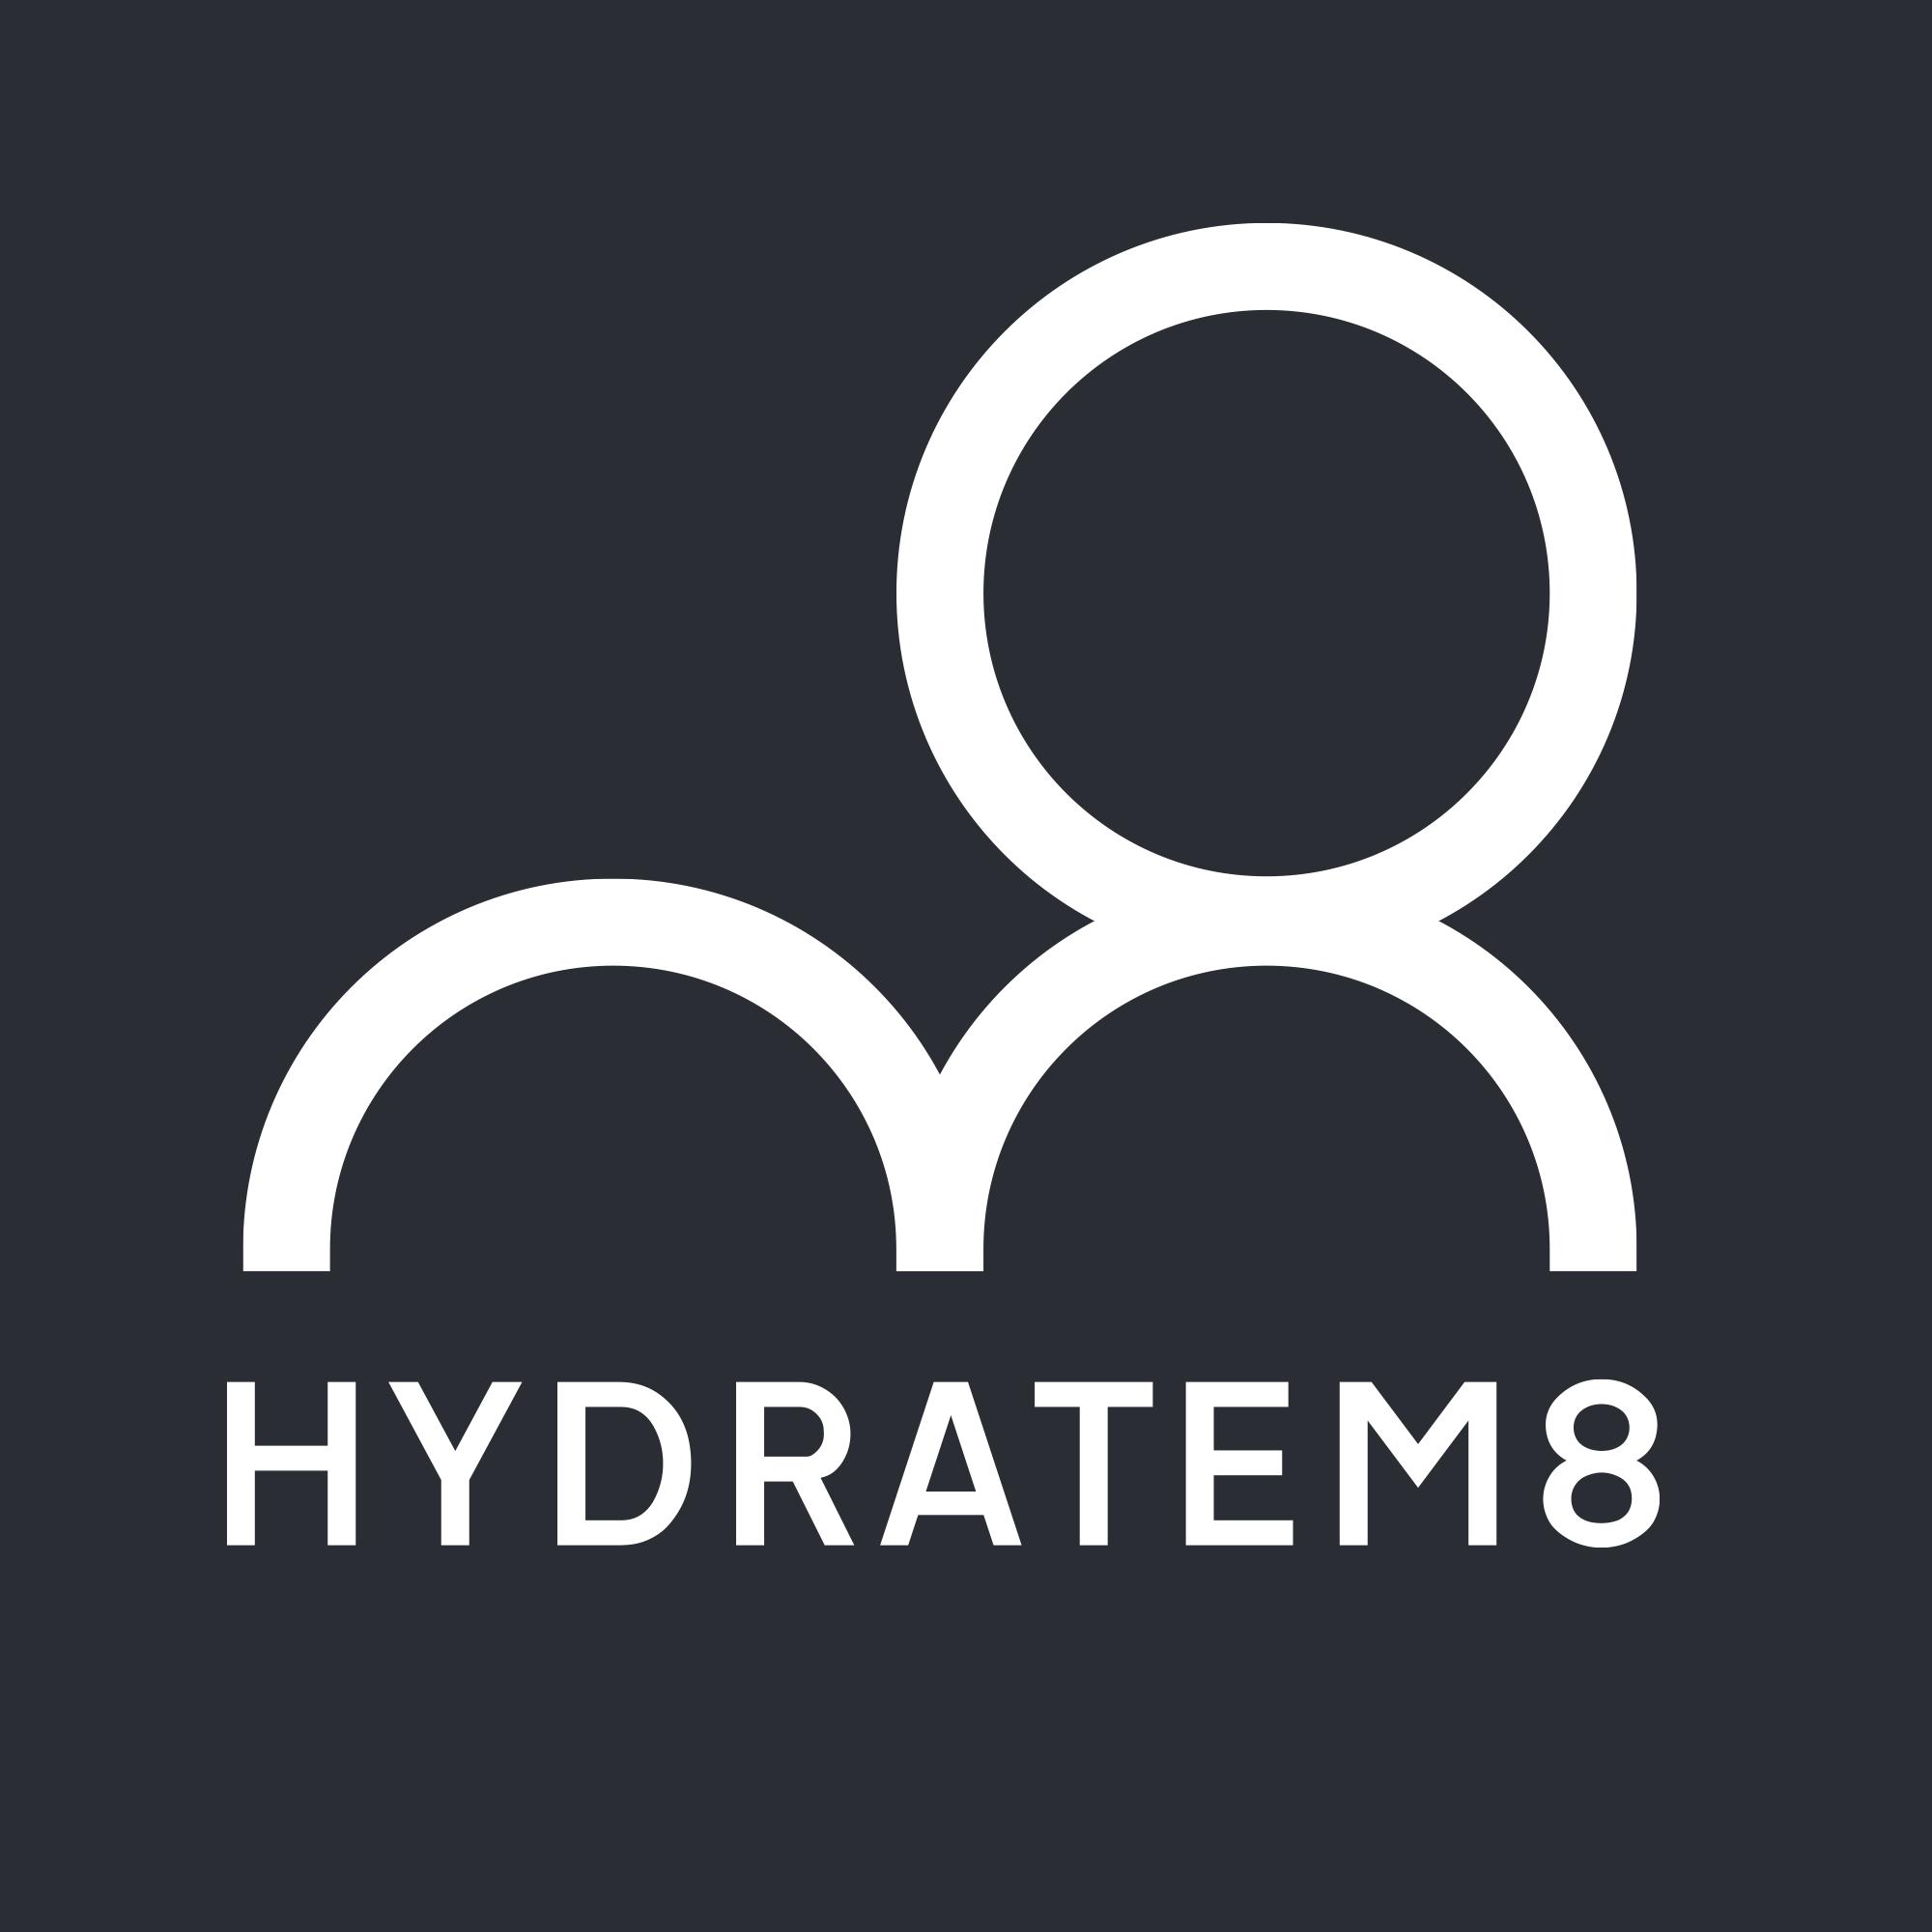 Read HydrateM8 Reviews
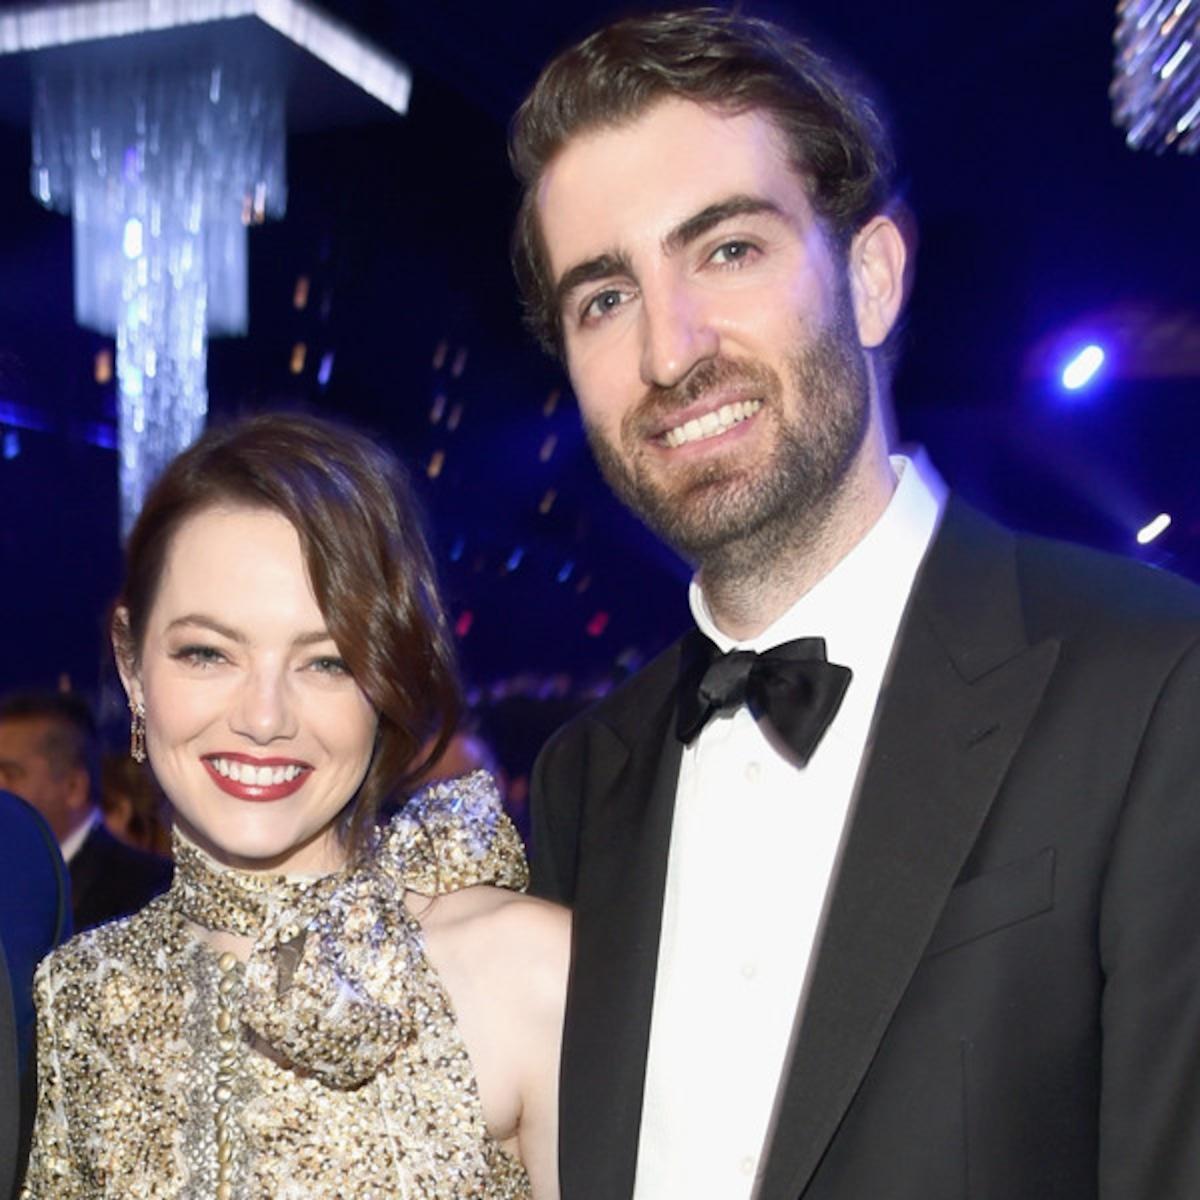 snl stars dating dating online în kwazulu natal
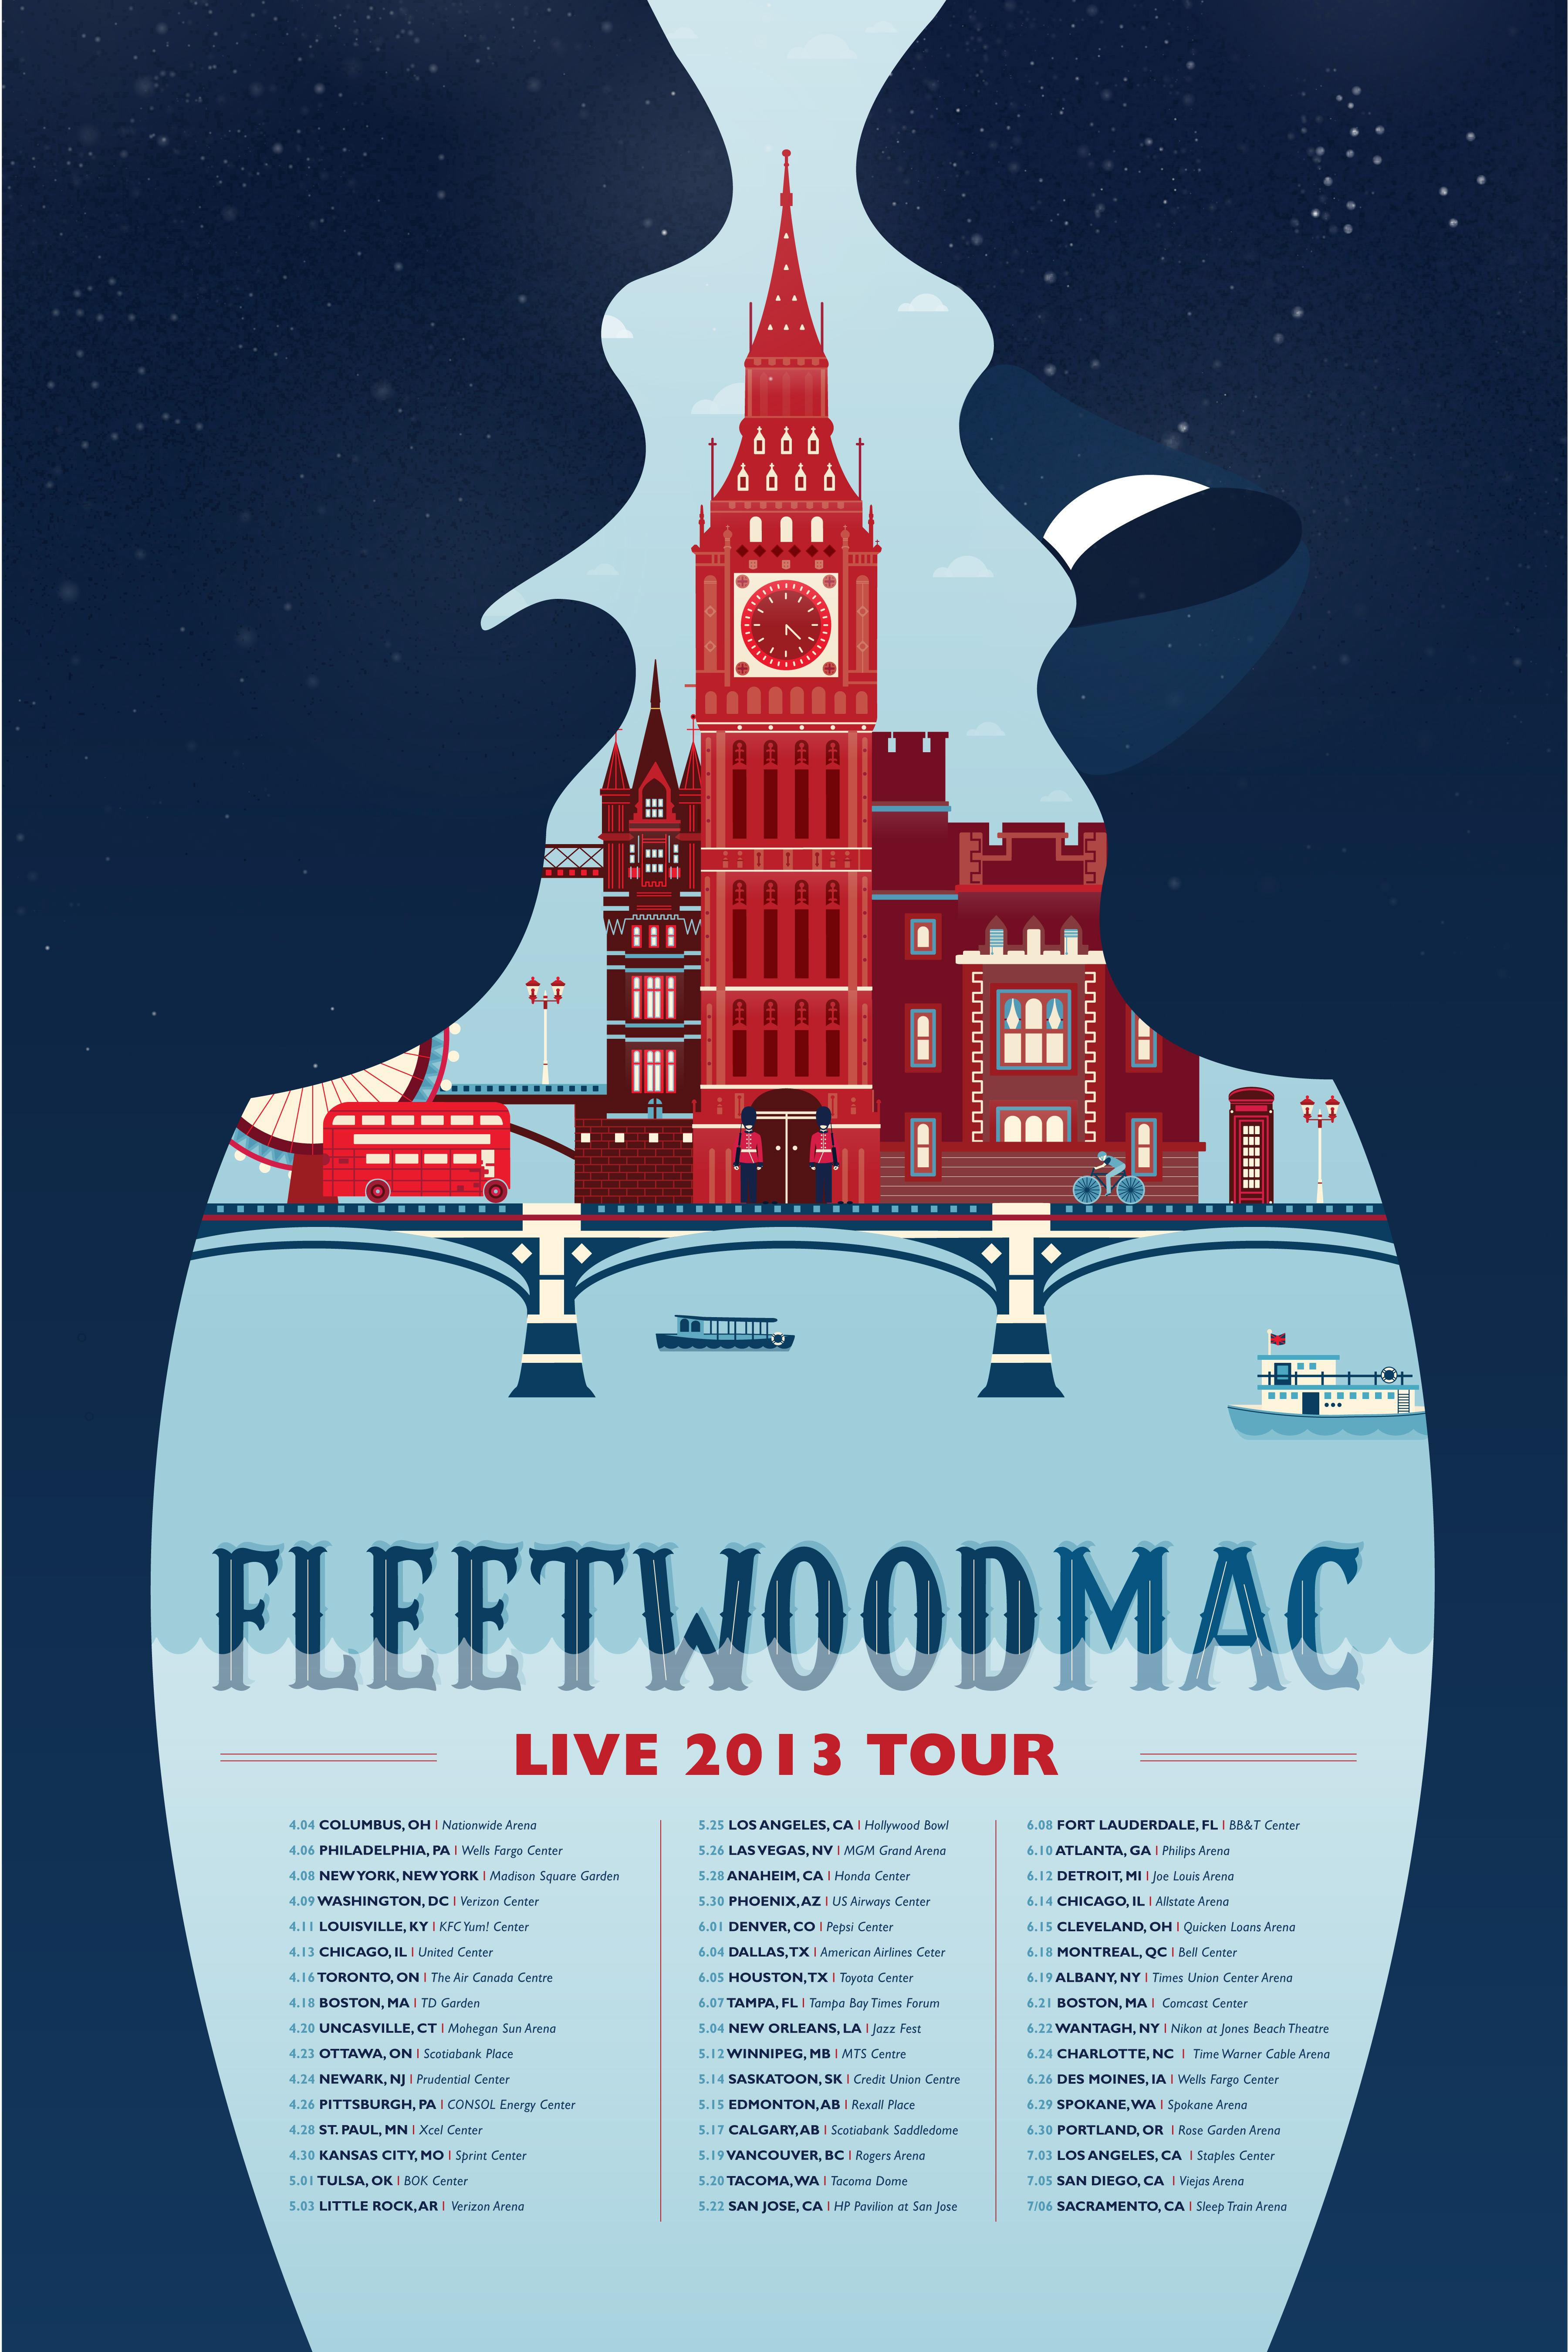 Fleetwood Mac - image 1 - student project

### WHAT THIS TASK INVOLVES
Here the job is to print all the data exactly, skipping any image.

### RESPONSE AREA
 Read HydrateM8 Reviews
 snl stars dating dating online în kwazulu natal
 Fleetwood Mac - image 1 - student project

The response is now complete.